AMDGPU/SI: Better handle s_wait insertion
ClosedPublic

Authored by axeldavy on Aug 9 2015, 5:54 AM.

Details

Summary

We can wait on either VM, EXP or LGKM.
The waits are independent.

Without this patch, a wait inserted because of one of them
would also wait for all the previous others.
This patch makes s_wait only wait for the ones we need for the next instruction.

Here's an example of subtle perf reduction this patch solves:

This is without the patch:

buffer_load_format_xyzw v[8:11], v0, s[44:47], 0 idxen
buffer_load_format_xyzw v[12:15], v0, s[48:51], 0 idxen
s_load_dwordx4 s[44:47], s[8:9], 0xc
s_waitcnt lgkmcnt(0)
buffer_load_format_xyzw v[16:19], v0, s[52:55], 0 idxen
s_load_dwordx4 s[48:51], s[8:9], 0x10
s_waitcnt vmcnt(1)
buffer_load_format_xyzw v[20:23], v0, s[44:47], 0 idxen

The s_waitcnt vmcnt(1) is useless.
The reason it is added is because the last
buffer_load_format_xyzw needs s[44:47], which was issued
by the first s_load_dwordx4. It waits for all VM
before that call to have finished.

Internally after every instruction, 3 counters (for VM, EXP and LGTM)
are updated after every instruction.
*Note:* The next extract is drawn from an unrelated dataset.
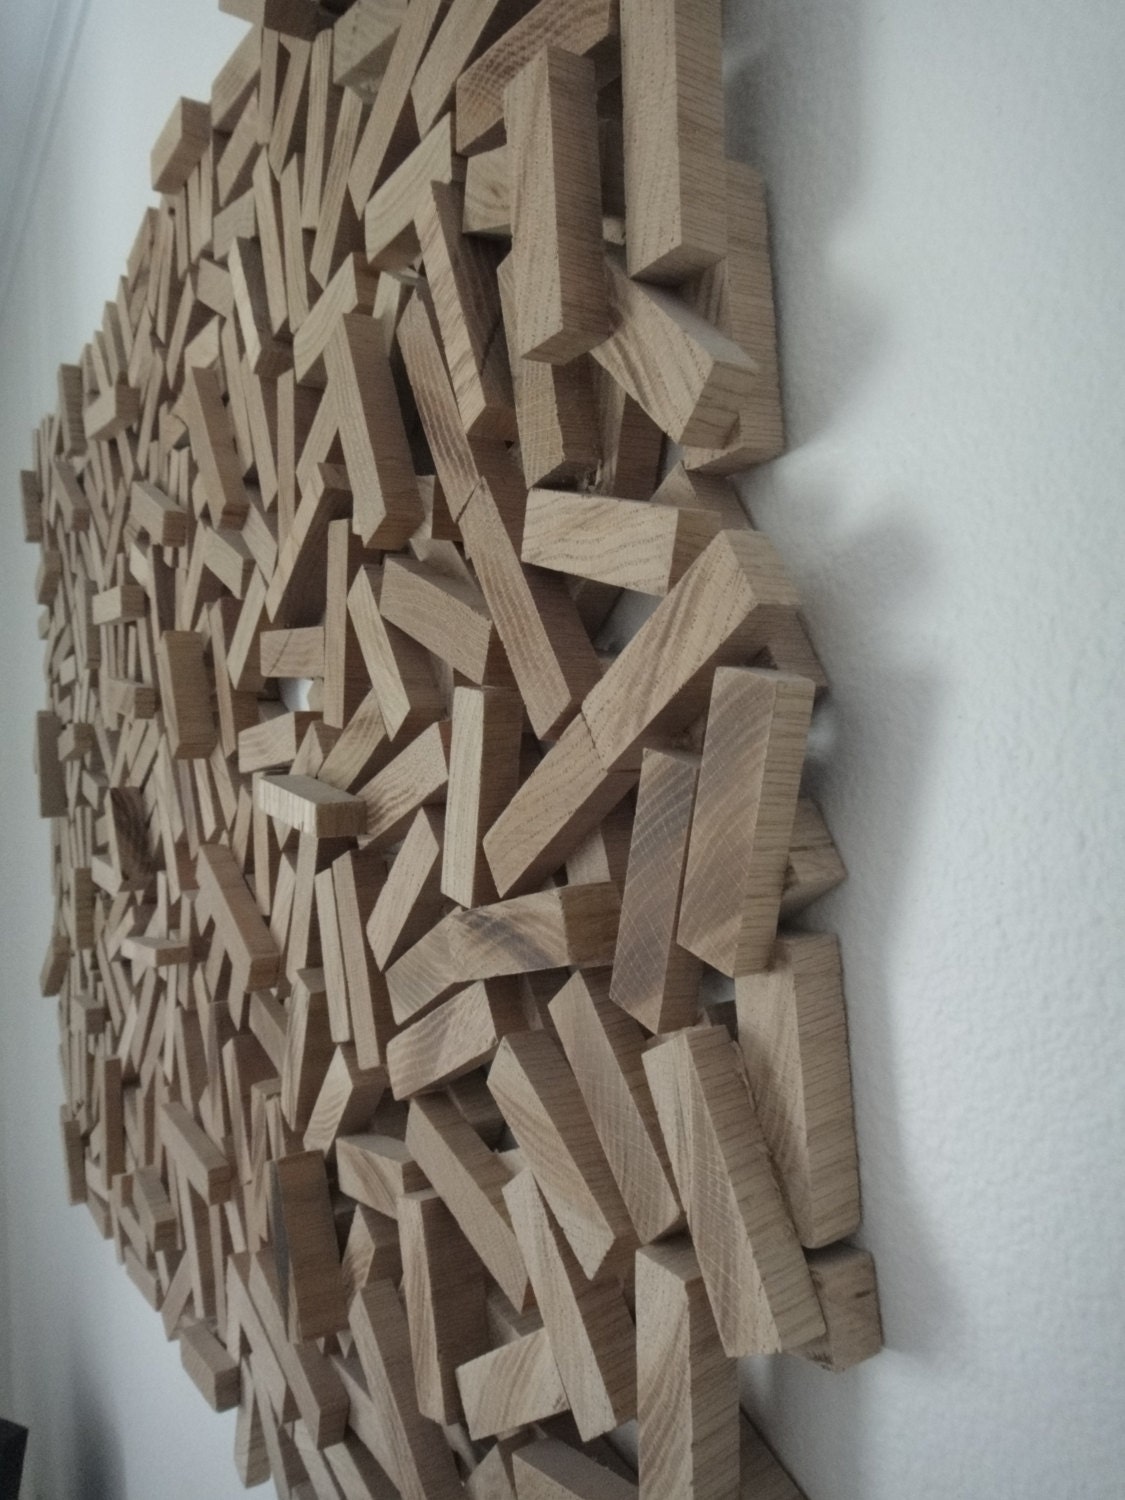 Abstract Wood Sculpture Wall Hanging Wood Wall Art | Etsy
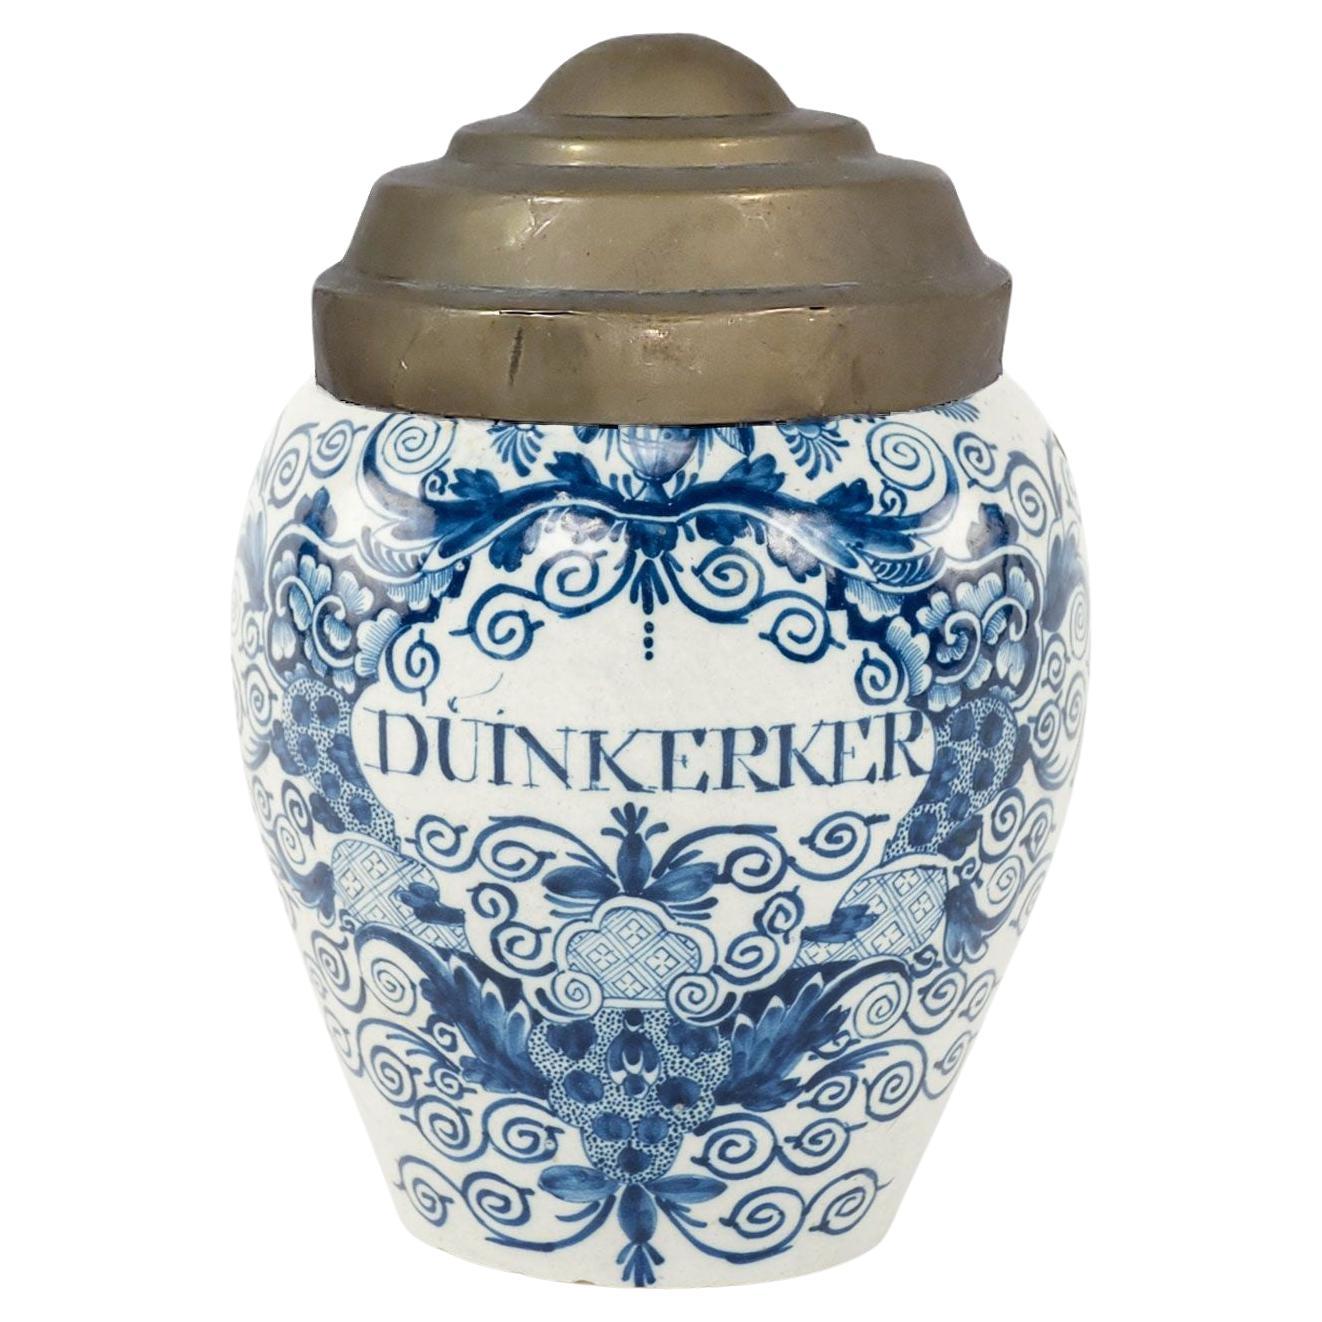 Delft Blue and White "Dunkerer" Tobacco Jar For Sale

For example buffer_load_format_xyzw will
increase the VM counter, and s_load_dwordx4 the LGKM one.

Without the patch, for every defined register,
the current 3 counters are stored, and are used to know
how long to wait when an instruction needs the register.

Because of that, the s[44:47] counter includes that to use the register
you need to wait for the previous buffer_load_format_xyzw.

Instead this patch stores only the counters that matter for the register,
and puts zero for the other ones, since we don't need any wait for them.

Diff Detail

Event Timeline

axeldavy updated this revision to Diff 31615.Aug 9 2015, 5:54 AM
axeldavy retitled this revision from to AMDGPU/SI: Better handle s_wait insertion.
axeldavy updated this object.
axeldavy added a subscriber: llvm-commits.
test/CodeGen/AMDGPU/wait.ll
7–8

I would add a check for the instruction between these two s_waitcnt instructions. We want to make sure some future change doesn't regress us, and cause us to emit two s_waitcnt instructions in a row.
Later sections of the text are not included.